Task: Output the whole listing exactly, except for the pictures in it.

Supplied information:
Start of Block

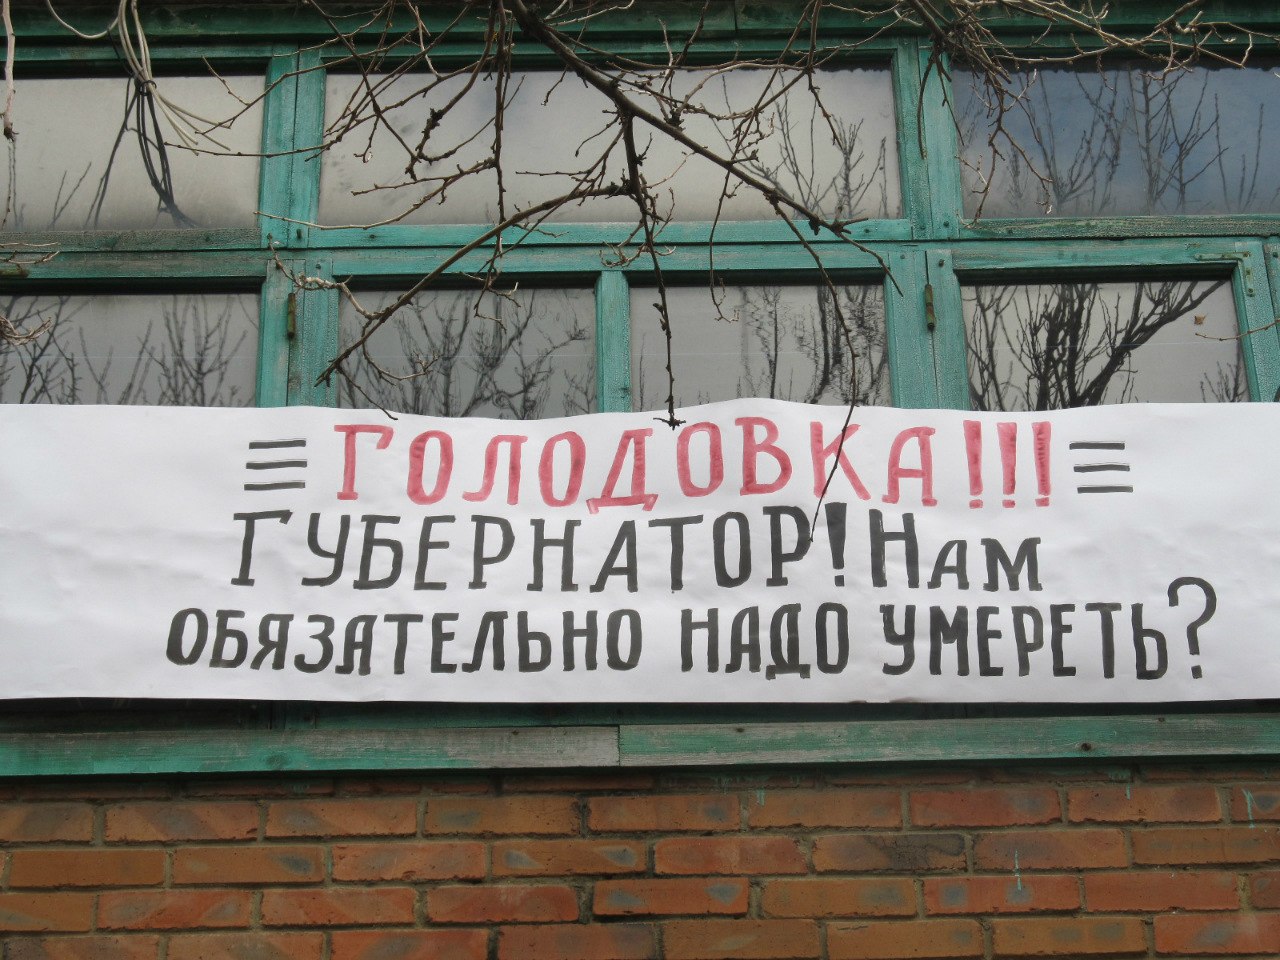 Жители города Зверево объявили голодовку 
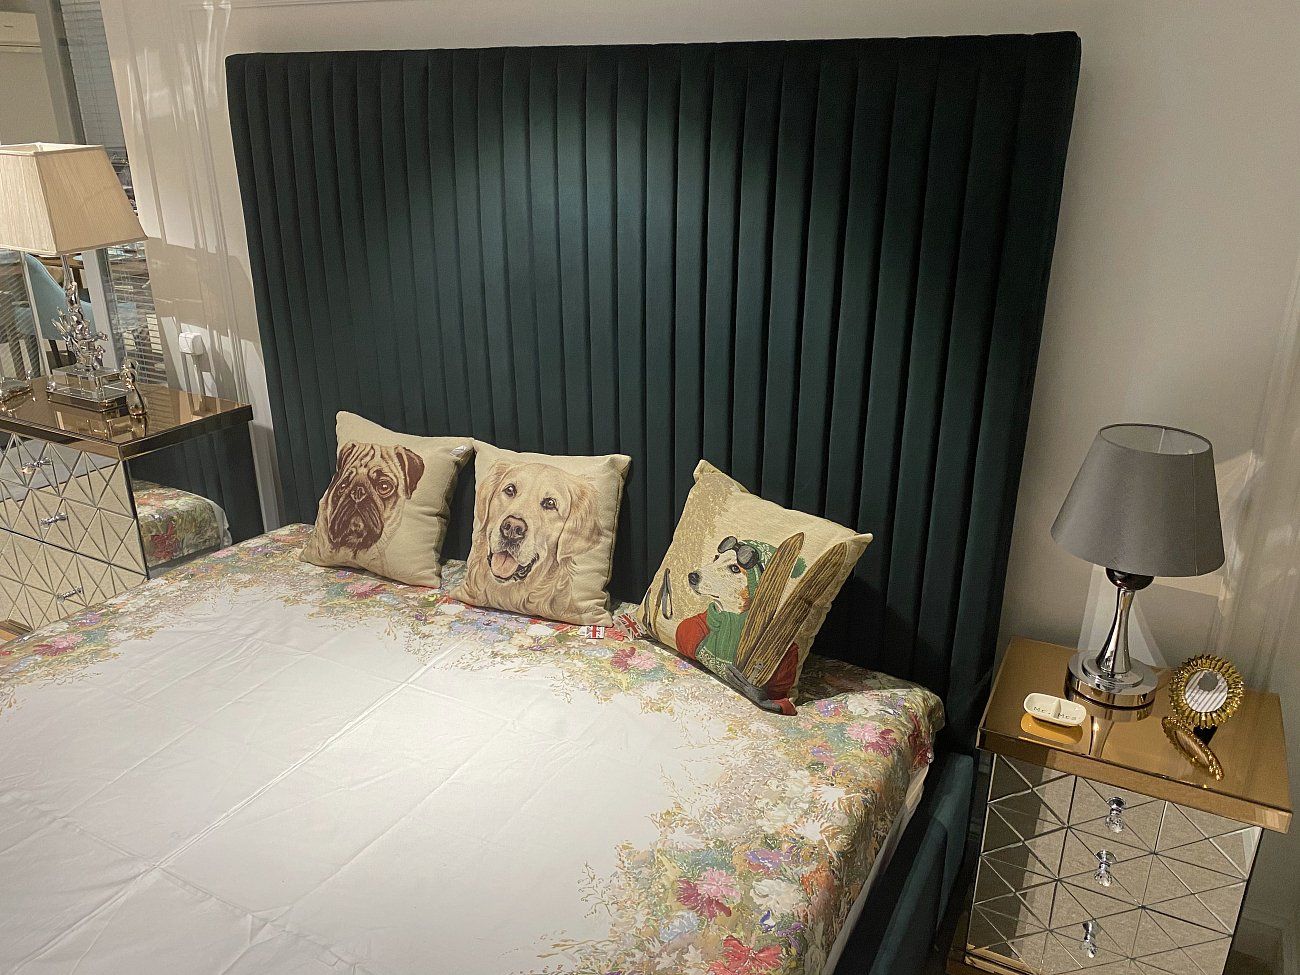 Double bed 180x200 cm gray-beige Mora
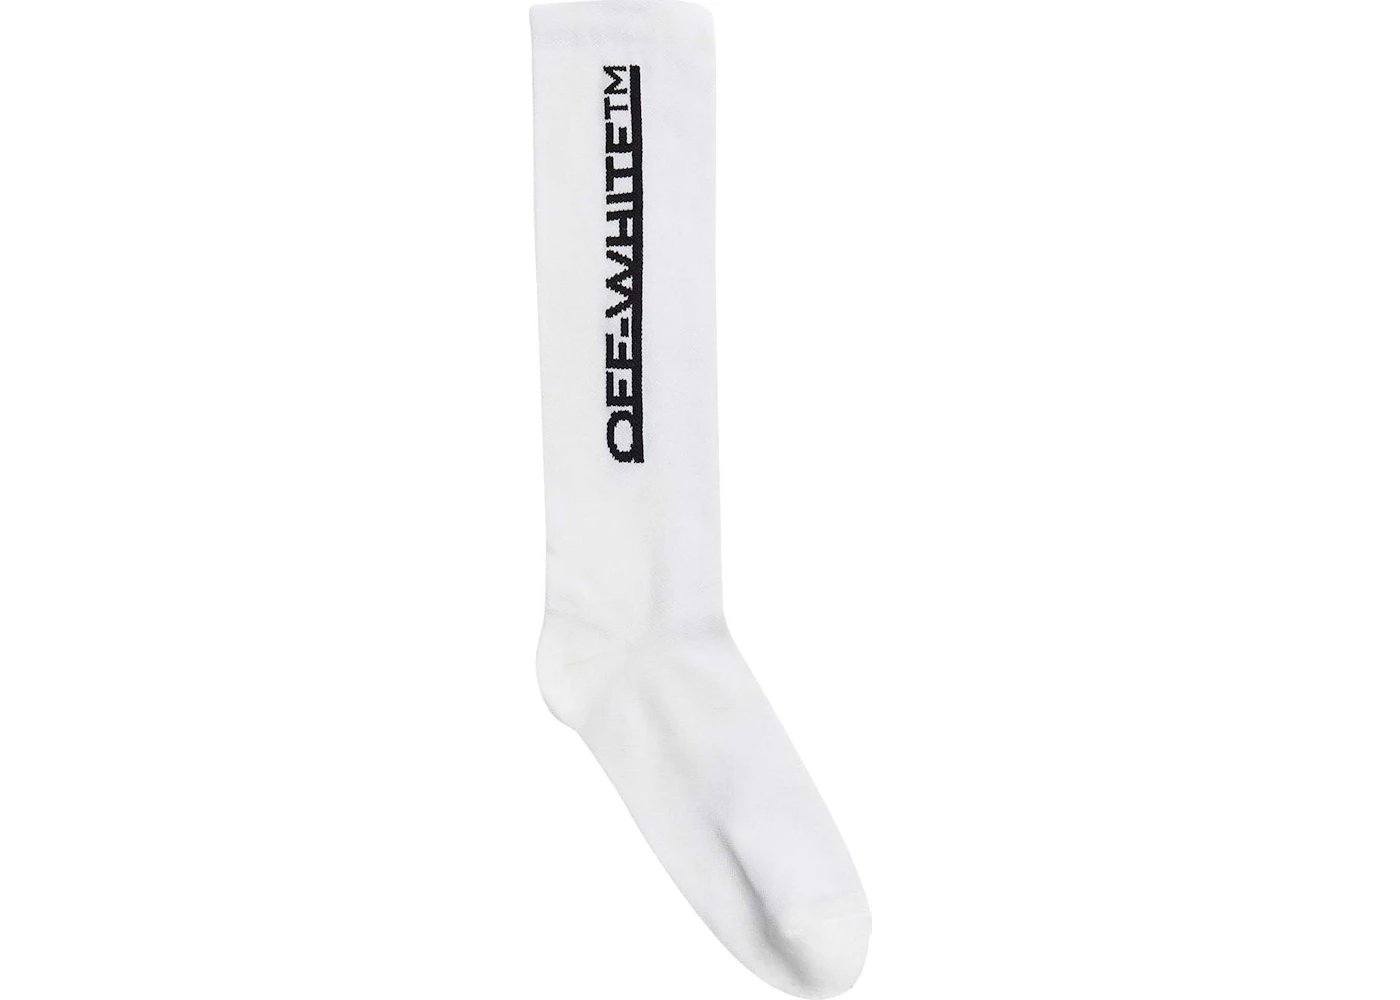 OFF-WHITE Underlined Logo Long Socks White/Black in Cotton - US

End of Block

Response to this task:
 Жители города Зверево объявили голодовку 
 Double bed 180x200 cm gray-beige Mora
 OFF-WHITE Underlined Logo Long Socks White/Black in Cotton - US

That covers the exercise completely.